Angela and Wes in traditional South Korean attire

Il était temps pour moi de faire face à mes peurs, à mon abattement et à ma honte que Ulsanbawi n'avait jamais ressentis. Je suis partie à la rencontre de ma patrie pour retrouver la paix parmi les dômes de granite et affronter mes liens familiaux désormais distants.

D'où je viens

La Corée du Sud était autrefois ma maison. Bien que née aux États-Unis, j'ai grandi en Corée de 2 à 11 ans, jusqu'à ce que mes parents immigrent dans le comté d'Orange, en Californie. J'ai fait ce que les bons enfants coréens-américains sont censés faire : j'ai fréquenté une bonne université et j'ai même fait des études de droit pour pouvoir me battre pour les immigrants et la justice sociale. Mais j'étais devenue totalement désespérée par le capitalisme et l'étalement des villes. J'ai déménagé dans les déserts du Nouveau-Mexique pour me perdre et me rapprocher de la nature. D'une manière ou d'une autre, j'ai trouvé le bonheur en tant qu'agricultrice autonome dans la très rurale vallée de San Luis, au sud du Colorado.

Sol Mountain Farm crew

Mes parents coréens traditionnels n'étaient... pas ravis.

L'escalade m'a aidée à sortir d'un état de dépression sombre, et j'ai commencé à redéfinir mon idée du succès. Elle m'a menée au Nouveau-Mexique, au Rio Grande Gorge, à mon partenaire Wes, et à notre ferme, Sol Mountain Farm. Ici, j'ai trouvé le bonheur en cultivant, en renouant avec la nature et en prenant soin de la terre.
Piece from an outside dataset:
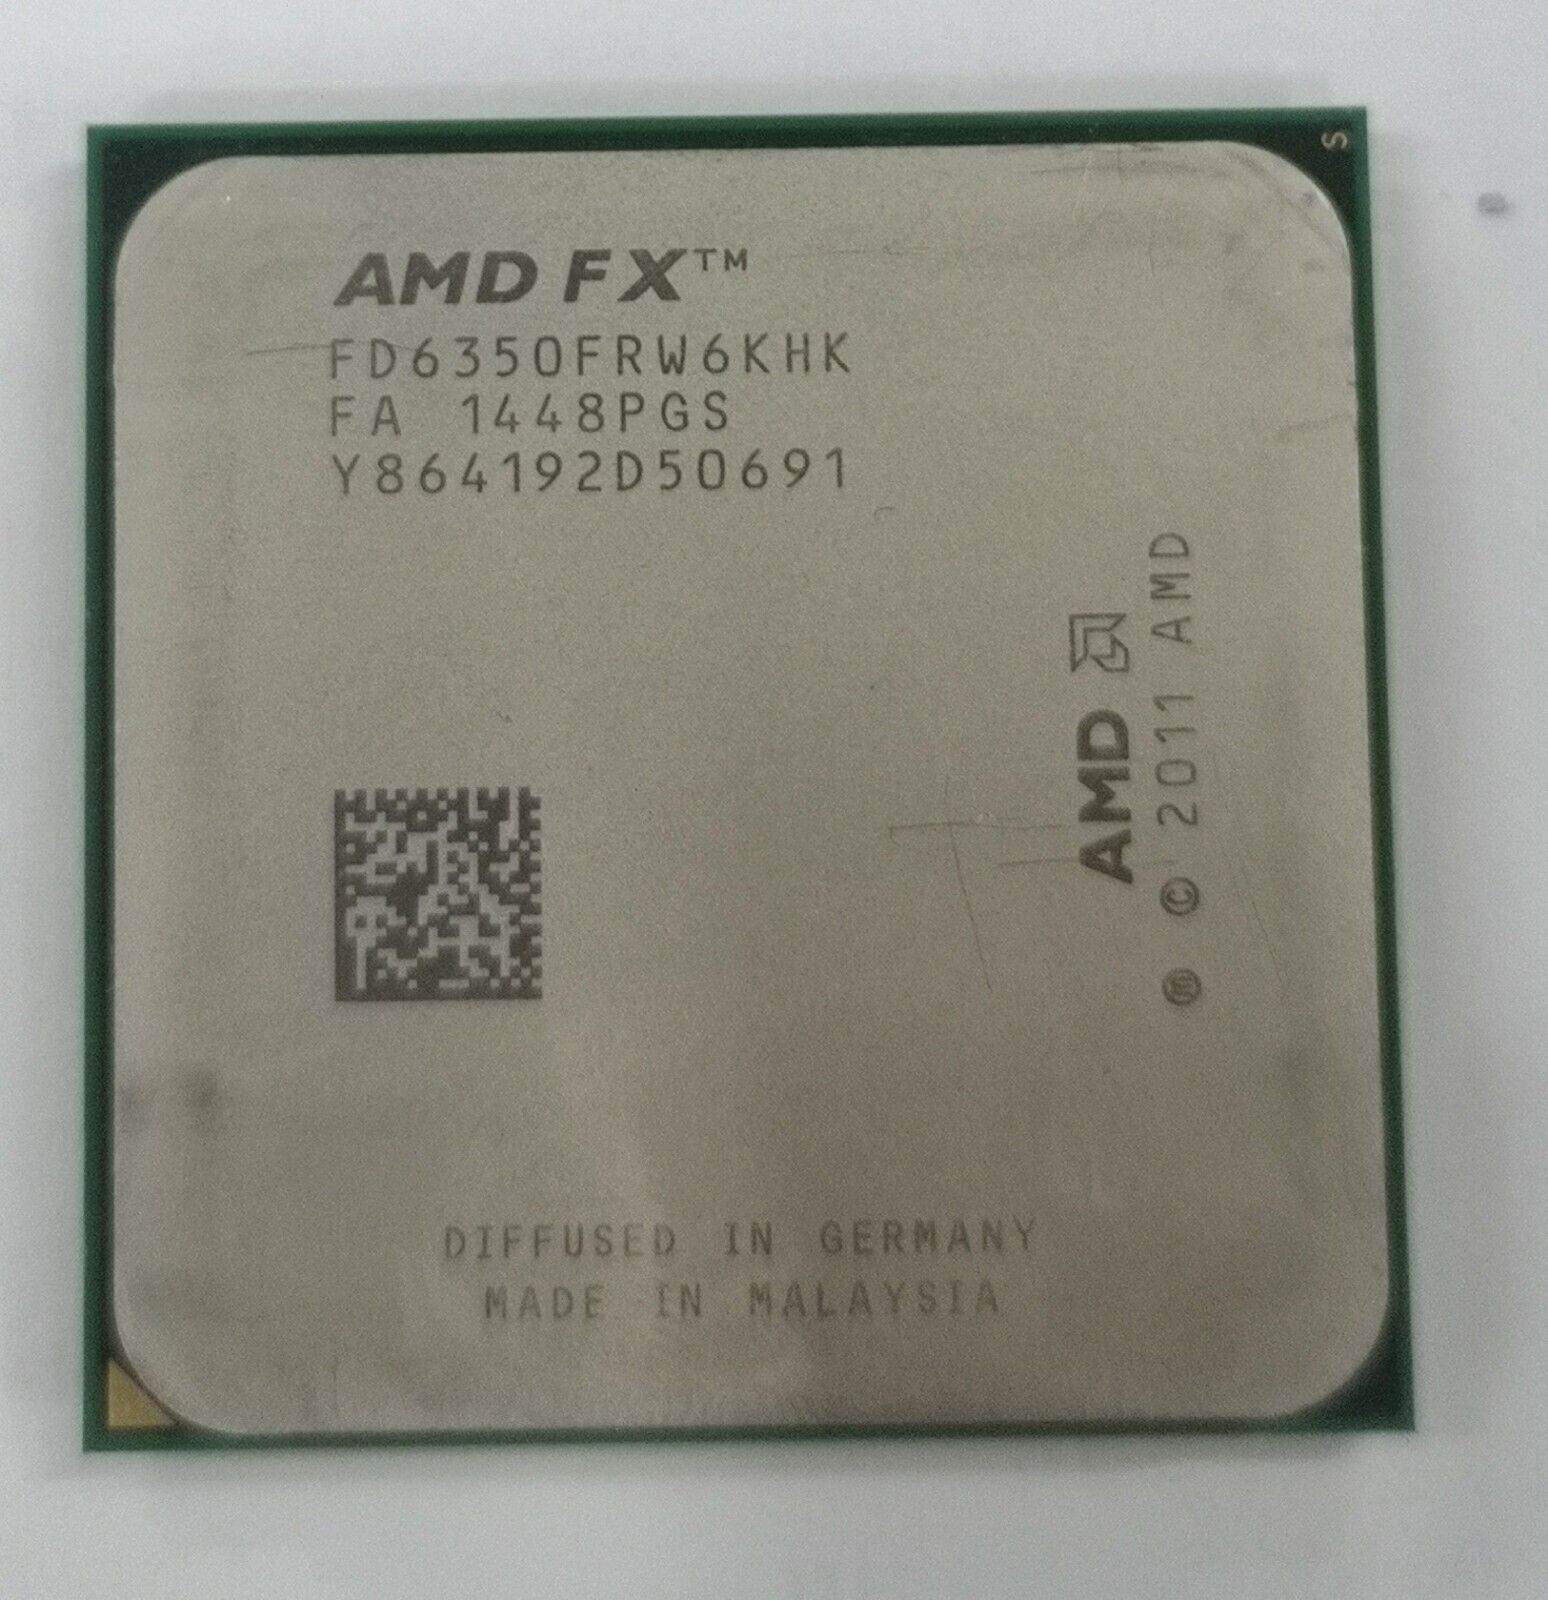 AMD FX-6350 FX-6330 FX-6300 FX-6200 FX-6100 FX-4300 FX-4100 FX-4130 Desktop CPU

En tant que gardienne des zones d'escalade et leader féminine grandissante dans ma communauté, j'ai commencé à me sentir accomplie.

Mais mes parents me voyaient comme un échec total. Ils étaient trop gênés pour même partager avec ma famille élargie où j'avais abouti : dans une ferme, dans une petite ville de quelques centaines d'habitants. Être la fondatrice d'une organisation locale d'escalade, le San Luis Valley Climbers Alliance – l'une de mes plus grandes fiertés – ne signifiait rien pour eux si je n'avais pas un emploi bien rémunéré comme avocate. Mes propres parents ne pouvaient pas accepter mon inexplicable déviation de la voie traditionnelle du « succès ». Alors comment pouvais-je affronter le reste de ma famille, à qui je n'avais pas parlé depuis plus de dix ans ?

Retour à la maison

J'étais à nouveau dans une de mes rêveries d'expédition d'escalade sur Mountain Project, explorant virtuellement de nouvelles zones et allongeant ma liste de choses à faire, d'une longueur impossible. « Y a-t-il de l'escalade en Corée ? » me suis-je demandé – une question probablement alimentée par une culpabilité inconsciente de perdre rapidement le contact avec ma famille et mon héritage coréens.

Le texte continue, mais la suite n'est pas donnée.